Target set selection problem

Diffusion process visualization under the IC model

This project was developed as part of the Algorithmics course (Q2 2022–2023) at FIB‑UPC by Fernando Guirao, Àlex Domínguez, Haroon Rehman and Guillem Gaya.

Abstract

The Target Set Selection problem (TSS) is a combinatorial optimization problem proposed by Kempe, Kleinberg, and Tardos. The goal is to find a maximum influence (IM) set in a social network. Let $G = (V, E)$ be the graph representing the social network; the objective is to find a set $S$ capable of spreading influence to the largest possible number of nodes in $G$. The spread of influence is studied under the Independent Cascade (IC) model and the Linear Threshold (LT) model.

This problem has two variants: the maximization variant (known as $k$-MAX-influence), where, given a limited number of resources (nodes) $k$, the goal is to maximize the influence spread. On the other hand, in the minimization variant (known as $J$-MIN-Seed), the objective is to find the smallest subset capable of spreading influence to at least $J$ nodes in the network.

This project focuses on the second variant of the problem and aims to provide a solution using a greedy algorithm, a local search, and a metaheuristic.
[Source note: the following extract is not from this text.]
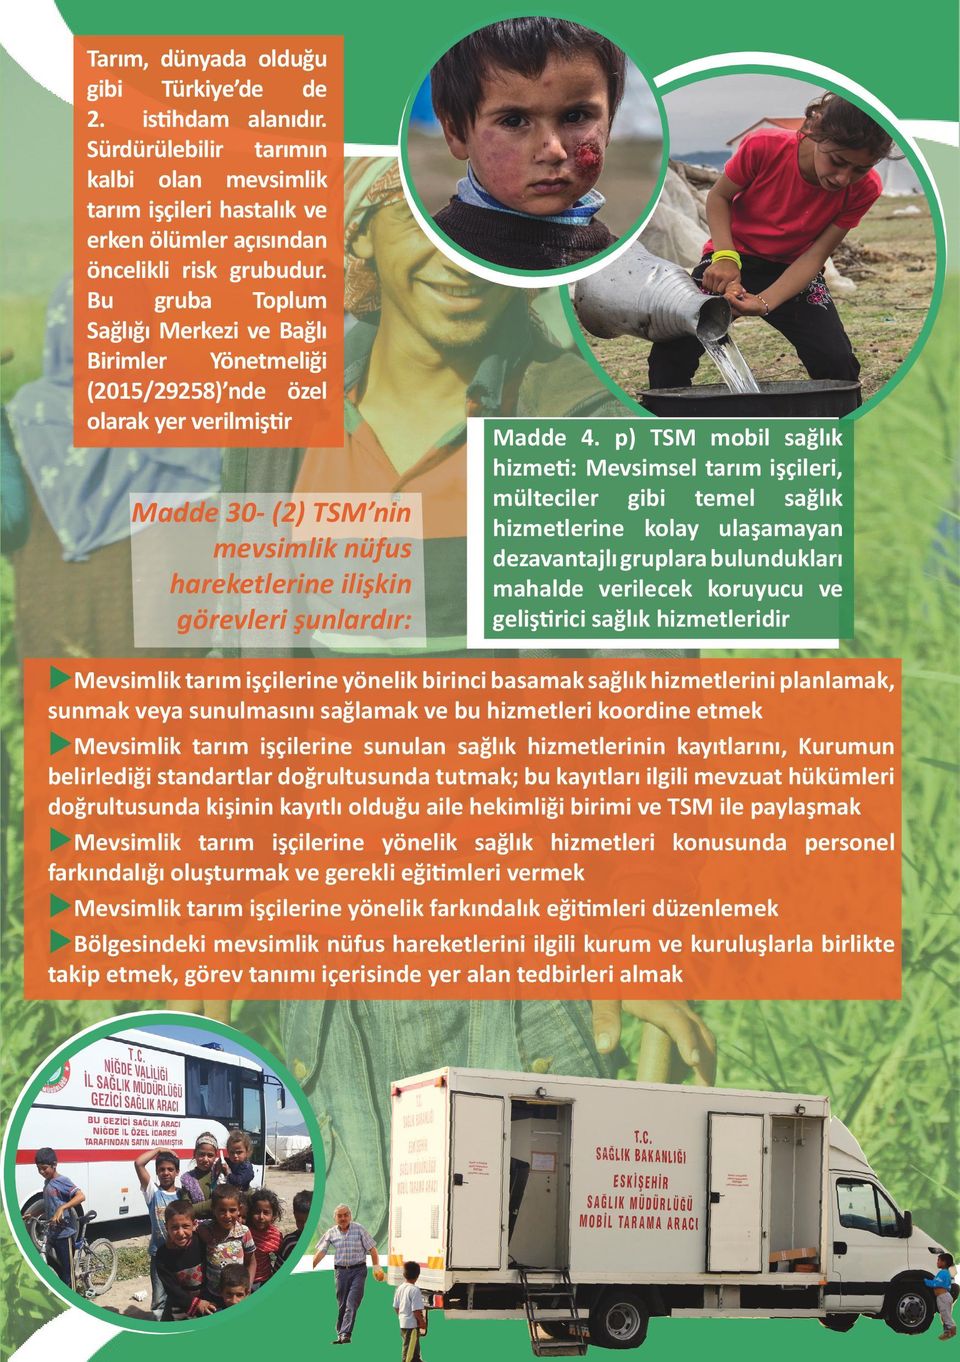 p) TSM mobil sağlık hizmeti: Mevsimsel tarım işçileri, mülteciler gibi temel sağlık hizmetlerine kolay ulaşamayan dezavantajlı gruplara bulundukları mahalde verilecek koruyucu ve geliştirici sağlık

📄 You can find the full report here. (The experimental part could not be 100% completed).

Test it yourself!

Requirements

C++ requirements

To run the C++ implementations, you only need a standard C++ compiler like g++:

$ g++ -std=c++17 your_file.cpp -o your_program

Python requirements (for visualizations)

The visualization script is provided in Python. You can install the required packages with:

$ pip install -r requirements.txt

Usage

To try out the algorithms, simply compile the desired .cpp file individually and run it using any DIMACS-formatted graph as input. For example:

$ g++ -std=c++17 localSearchIC.cpp -o localSearchIC

$ ./localSearchIC < instances/graph_jazz.dimacs

The output will display the number of selected seed nodes. If you're running local search or simulated annealing, it will also show the number of seed nodes after optimizing the initial solution.

Inside each C++ file, you can manually adjust parameters in the main function, such as the influence probability, the target number of influenced nodes, or algorithm-specific settings (e.g., cooling schedule for simulated annealing).